The wood is all Red Alder, to match the beech wood grain of the doors, except for pieces affore mentioned. I followed the design of the doors and made templates to route the front skirt and side panels. The raised panels, front skirt and top all done on my Veratas router table. The tapered legs were a challenge for this novice, as all four sides are tapered (on the table saw). The hinges and handles are from Lee Valley Tools. The glass in the doors is original, just cleaned up and painted the lead. The stain is Red Oak by Minwax, and clear coated with Flecto Spray Varathayne "water base" paint. We use this cabinet for books. It had to be on a stand as there was a vacuum cleaner port on the wall underneath. Dimentions: 68"H X 29"W X 17"D. Where there's a will, there's a way!!


----------



## Camero68 (Jun 27, 2012)

The output of your combination is simply gorgeous.


----------



## Mike (Nov 22, 2004)

Wonderful job Reg; I know you are proud of this one!


----------



## TwoSkies57 (Feb 23, 2009)

That is one fine piece of furniture you created Reg. With a great story behind it. Couldn't ask for much more than that.. 

Excellent work!!


----------



## jw2170 (Jan 24, 2008)

Beautiful work, Reg.

You are justified in being proud of that result.


----------



## bcfunburst (Jan 14, 2012)

*Thank You All*

Thank You All, for commenting and viewing. I love sharing anything about woodworking. Hope you are all enjoying some fine summer weather as we are here on West Coast of Canada.


----------



## williamm (Oct 10, 2011)

Very, very nice.
Congratulations on a job well done.


----------



## DaninVan (Jan 1, 2012)

Great job! You have waaay too much spare time... 

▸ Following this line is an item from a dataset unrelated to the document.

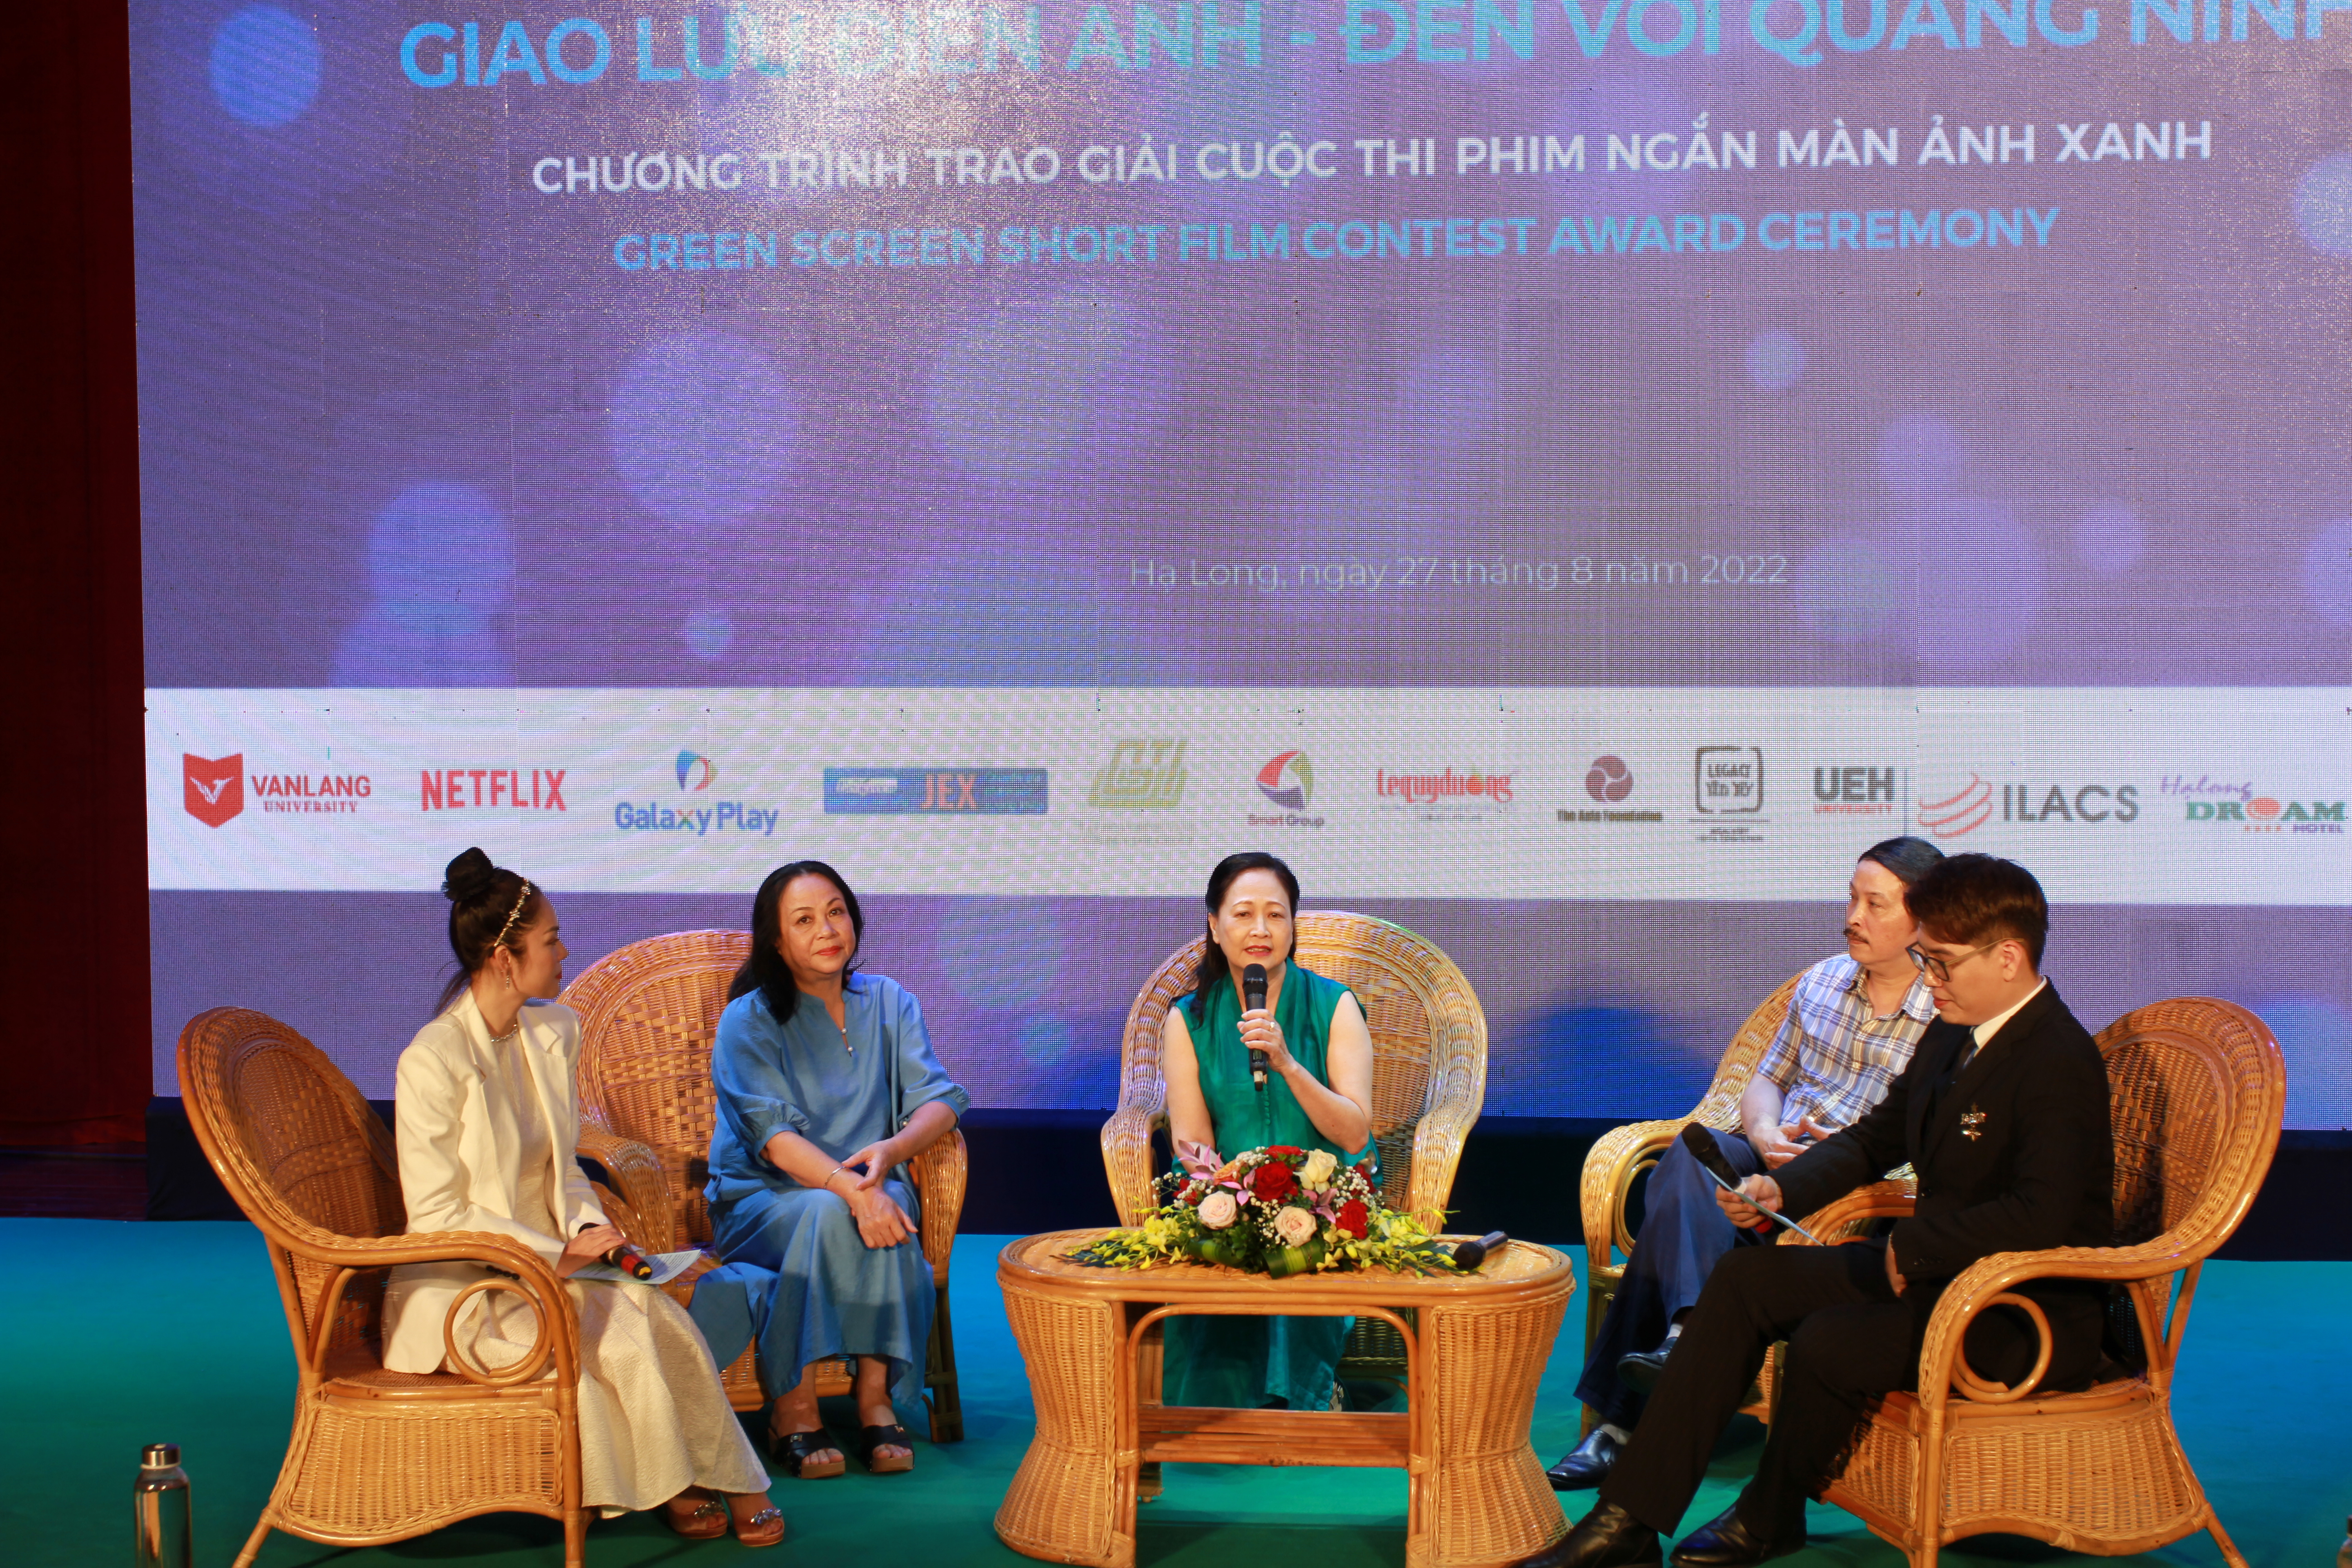 Các nghệ sĩ diễn viên gạo cội trò chuyện về kỷ niệm làm phim ở Quảng Ninh.
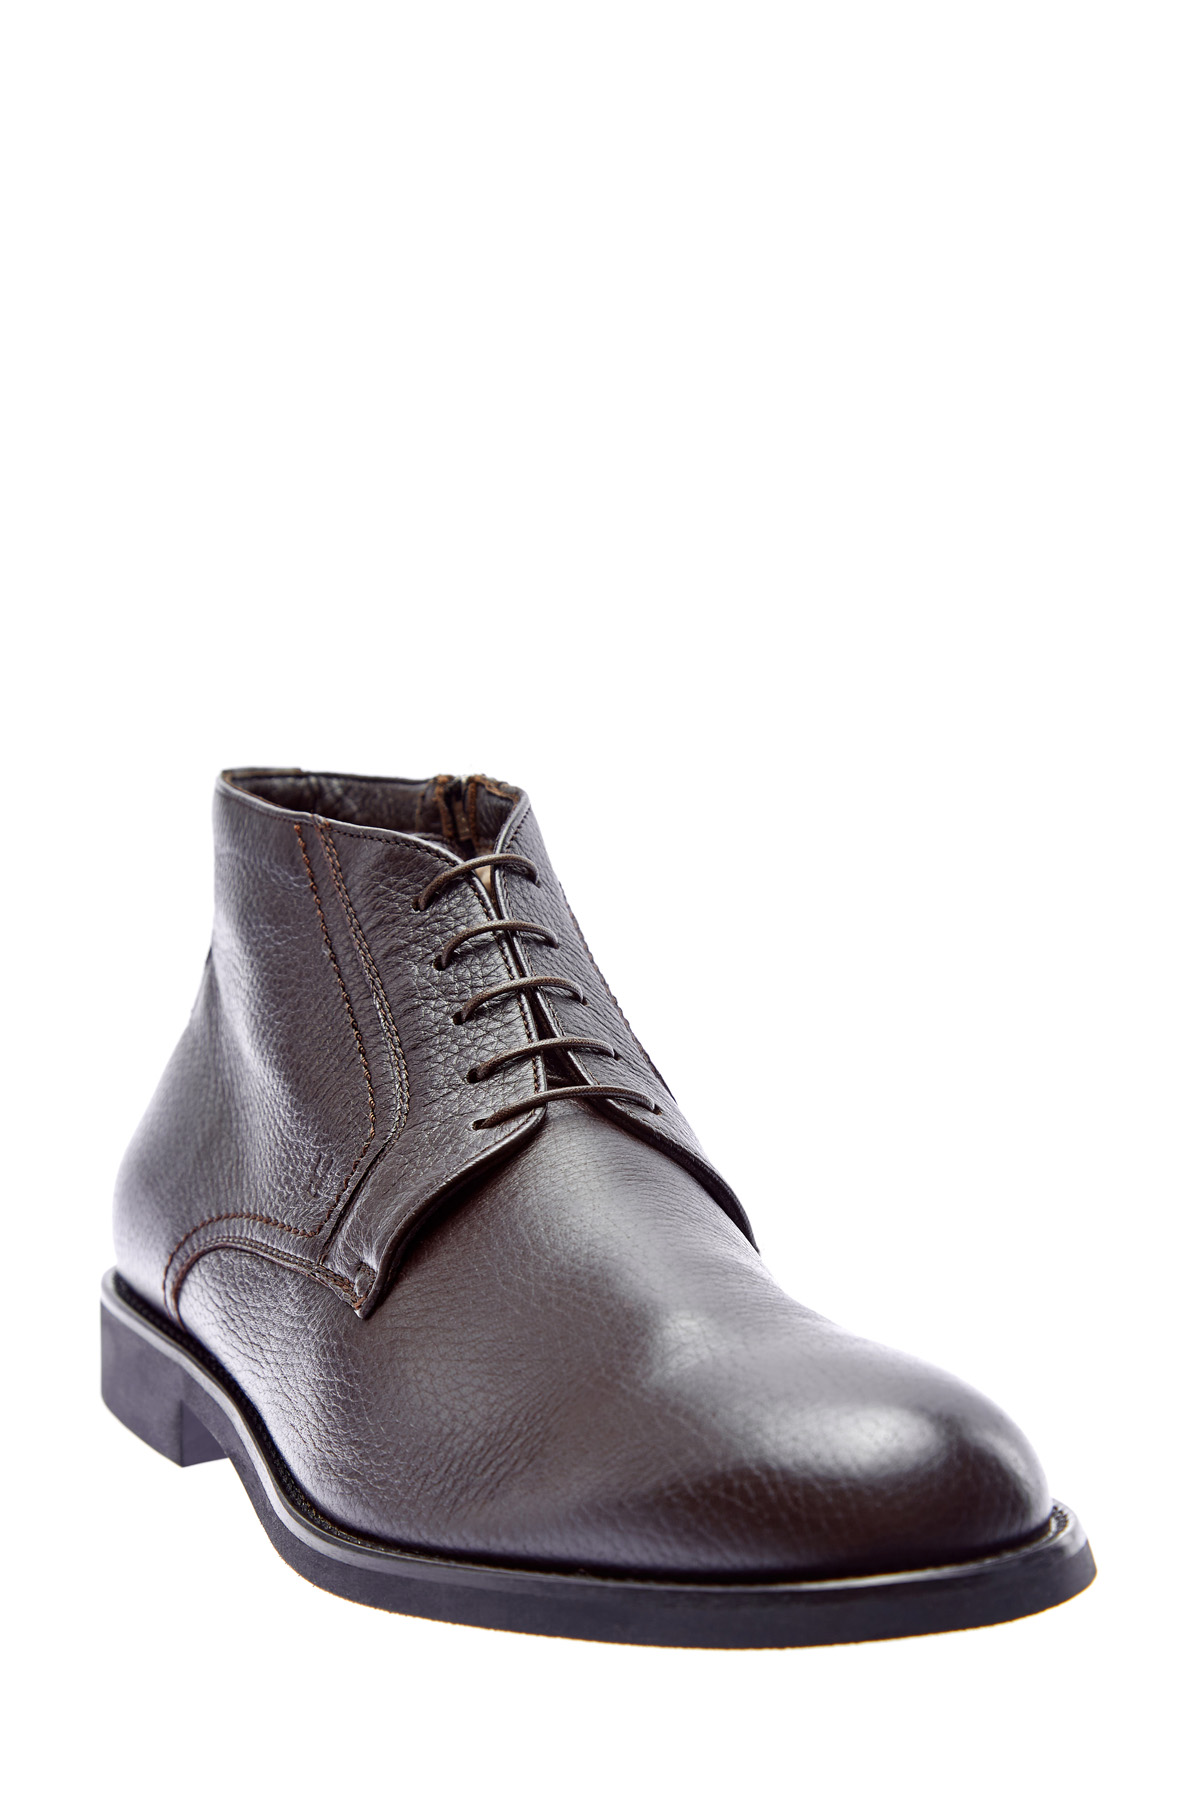 Высокие ботинки-дерби ручной работы из кожи оленя MORESCHI, цвет коричневый, размер 42.5;43;43.5 - фото 3

" Hope you are all enjoying some fine summer weather as we are here on West Coast of Canada."
We deserve it, Reg, after that crappy Spring.


----------



## TRBaker (Jul 5, 2012)

Outstanding, Reg. Keep up the good work.


----------



## steamfab (Jun 22, 2012)

It is looking great and regal. Continue the good work!


----------



## DaninVan (Jan 1, 2012)

"regal"...good one! 
(Reg...reg al for anyone not getting the pun)


----------



## Fishinbo (Jun 11, 2012)

I like the design. Reminiscent of old times.


----------



## Sunshine0103 (Apr 29, 2012)

Beautiful! You have every right to be proud!


----------